PROBLEM DETAILS: Up to and including the line with "ali_shabe_ghadr", output the records exactly as they appear.

GIVEN ENTRIES:
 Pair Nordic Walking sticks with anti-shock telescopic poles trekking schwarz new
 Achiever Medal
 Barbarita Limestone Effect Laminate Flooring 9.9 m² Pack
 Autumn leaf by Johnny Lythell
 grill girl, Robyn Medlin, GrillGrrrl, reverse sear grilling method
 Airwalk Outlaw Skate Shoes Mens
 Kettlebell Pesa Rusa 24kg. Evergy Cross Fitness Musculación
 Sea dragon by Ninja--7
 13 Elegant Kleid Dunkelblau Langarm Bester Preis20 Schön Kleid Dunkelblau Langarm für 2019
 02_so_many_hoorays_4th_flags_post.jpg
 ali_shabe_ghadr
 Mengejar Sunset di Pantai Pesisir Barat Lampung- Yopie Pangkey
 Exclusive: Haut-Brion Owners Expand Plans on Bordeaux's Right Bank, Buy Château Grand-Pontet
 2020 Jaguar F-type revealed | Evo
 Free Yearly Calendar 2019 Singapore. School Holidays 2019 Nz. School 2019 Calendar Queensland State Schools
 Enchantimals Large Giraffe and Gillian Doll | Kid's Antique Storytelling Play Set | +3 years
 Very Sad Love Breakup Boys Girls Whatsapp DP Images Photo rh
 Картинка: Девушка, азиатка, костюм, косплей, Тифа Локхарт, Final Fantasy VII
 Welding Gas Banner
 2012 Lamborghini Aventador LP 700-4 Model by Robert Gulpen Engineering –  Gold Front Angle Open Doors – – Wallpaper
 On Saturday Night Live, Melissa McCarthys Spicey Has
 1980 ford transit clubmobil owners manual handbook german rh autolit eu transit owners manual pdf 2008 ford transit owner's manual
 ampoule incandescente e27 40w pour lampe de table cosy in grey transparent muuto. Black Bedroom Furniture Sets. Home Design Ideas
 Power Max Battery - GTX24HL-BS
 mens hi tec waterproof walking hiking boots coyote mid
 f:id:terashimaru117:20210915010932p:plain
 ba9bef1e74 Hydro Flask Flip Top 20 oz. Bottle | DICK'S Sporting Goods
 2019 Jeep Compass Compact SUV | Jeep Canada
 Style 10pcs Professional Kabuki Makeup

WRITTEN SOLUTION:
 Pair Nordic Walking sticks with anti-shock telescopic poles trekking schwarz new
 Achiever Medal
 Barbarita Limestone Effect Laminate Flooring 9.9 m² Pack
 Autumn leaf by Johnny Lythell
 grill girl, Robyn Medlin, GrillGrrrl, reverse sear grilling method
 Airwalk Outlaw Skate Shoes Mens
 Kettlebell Pesa Rusa 24kg. Evergy Cross Fitness Musculación
 Sea dragon by Ninja--7
 13 Elegant Kleid Dunkelblau Langarm Bester Preis20 Schön Kleid Dunkelblau Langarm für 2019
 02_so_many_hoorays_4th_flags_post.jpg
 ali_shabe_ghadr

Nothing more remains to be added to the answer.